Need help on TSQL

  • Hello All,

    I have a table with value and the item in a table. Currently, some item has different value. I need to find the all the item which has different value. But i dont have to do anything with the item which has same value multiple times.

    Here is the sample of the table:

    Value Item

    1 A

    1 A

    1 B

    2 B

    5 C

    6 C

    Desired output look like below

    Value Item

    1 B

    2 B

    5 C

    6 C

    How do i write a query to get the desired output.

    Thanks in advance.

    W.

  • Hi Walton,

    Here's some example code, with comments.

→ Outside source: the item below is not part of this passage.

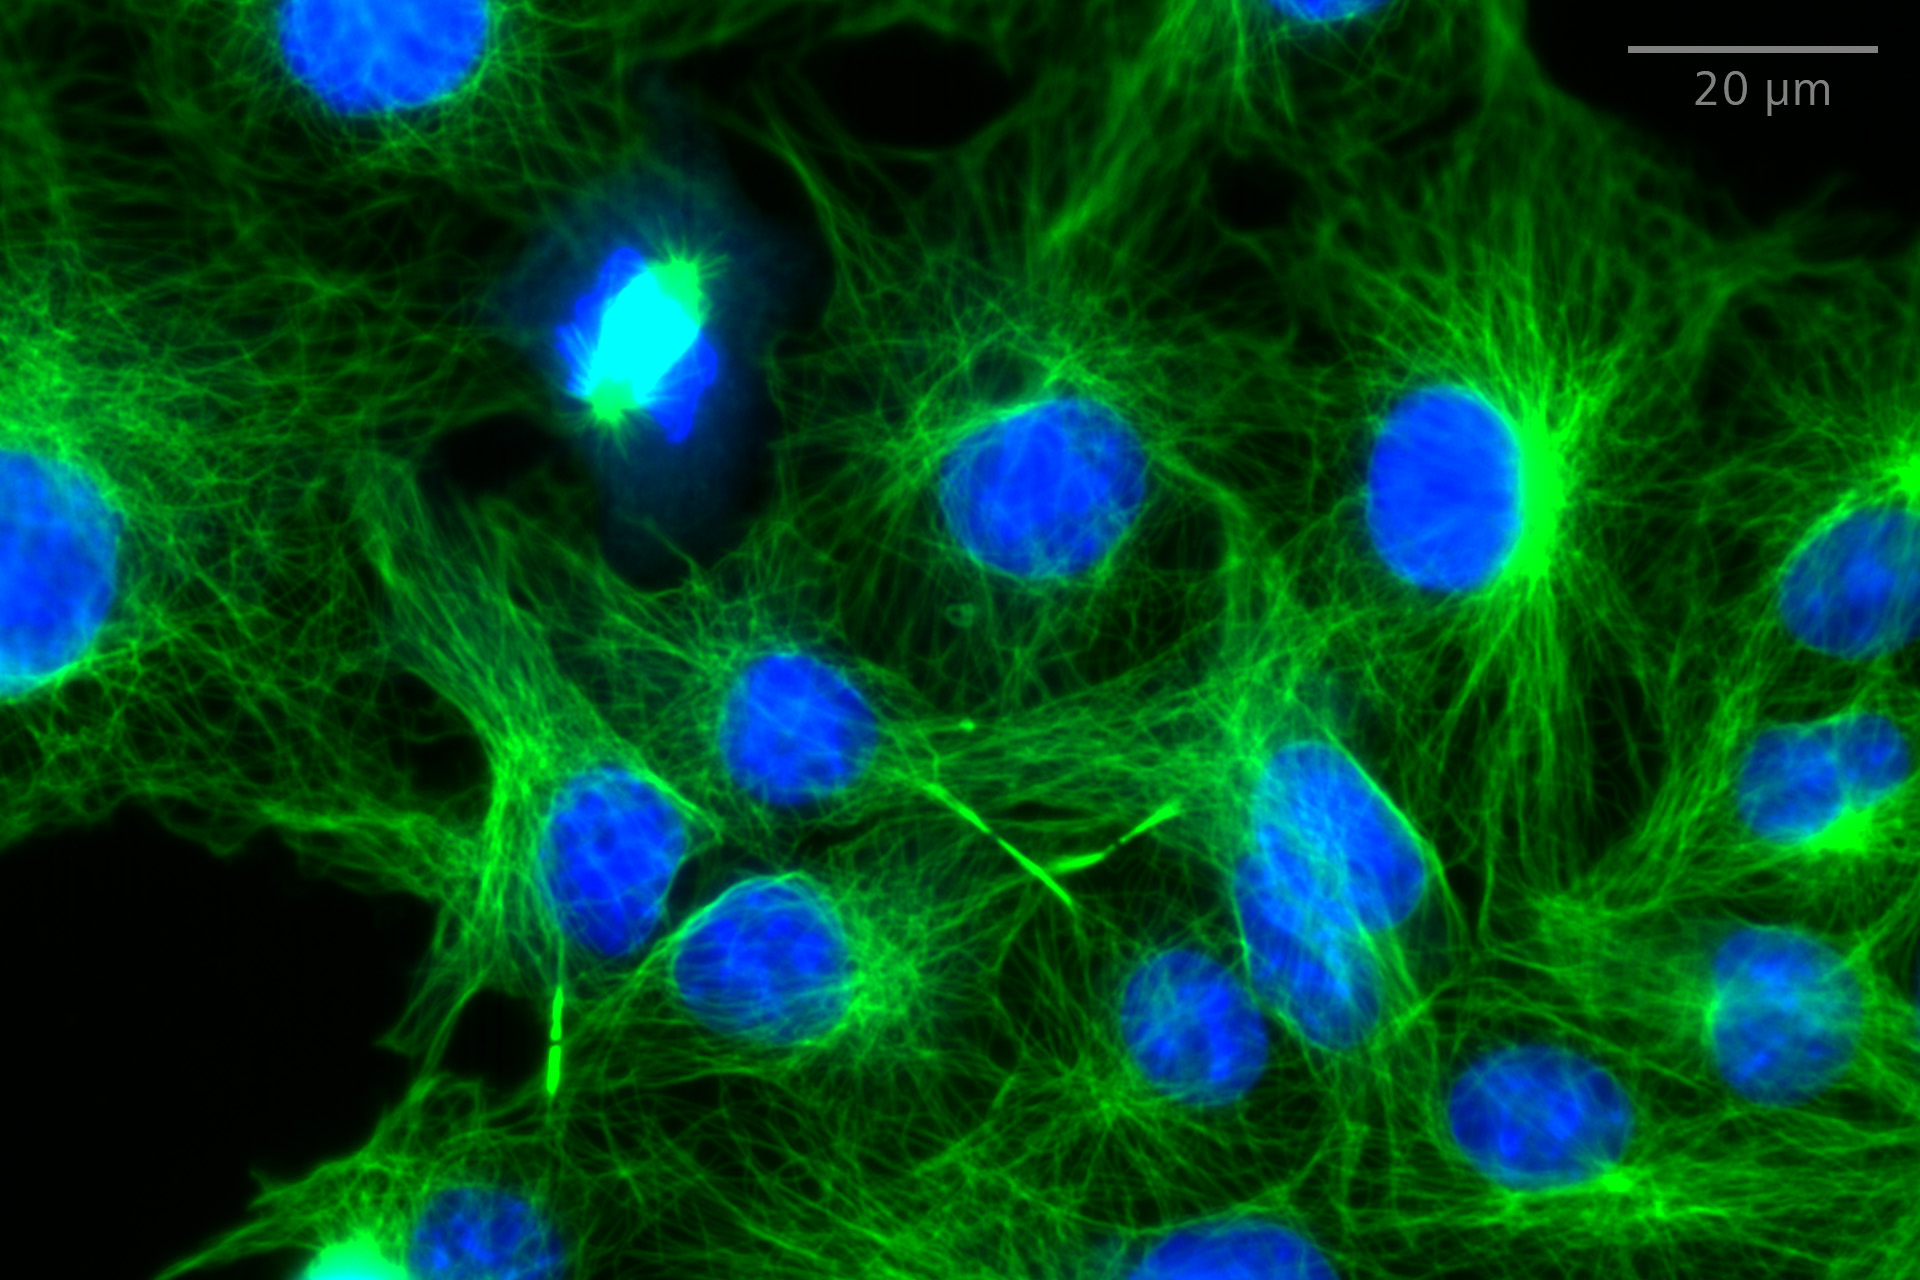 SIM² Apotome: comparación de imágenes de un solo plano de widefield y SIM² Apotome de células COS-7 teñidas para microtúbulos (anti-α-tubulina Alexa fluor 488, verde) y núcleos (Hoechst, azul). Objetivo: LD LCI Plan-Apochromat 25× / 0,8 Imm Corr

    CREATE TABLE #t1 (Value int, Item char(1))

    INSERT INTO #t1

    SELECT 1, 'A'

    UNION ALL SELECT 1, 'A'

    UNION ALL SELECT 1, 'B'

    UNION ALL SELECT 2, 'B'

    UNION ALL SELECT 5, 'C'

    UNION ALL SELECT 6, 'C'

    -- Check we've got the sample data correct

    SELECT * FROM #t1

    -- First, we need to figure out which Item groups have more than one value.

    -- Divide #t1 into groups based on Item (GROUP BY), and remove any groups that don't have 2 or more different values (HAVING).

    SELECT Item, COUNT(DISTINCT Value) AS NumValues

    FROM #t1

    GROUP BY Item

    HAVING COUNT(DISTINCT Value) > 1;

    -- Using the query above, get all the rows from #t1 that are part of these groups.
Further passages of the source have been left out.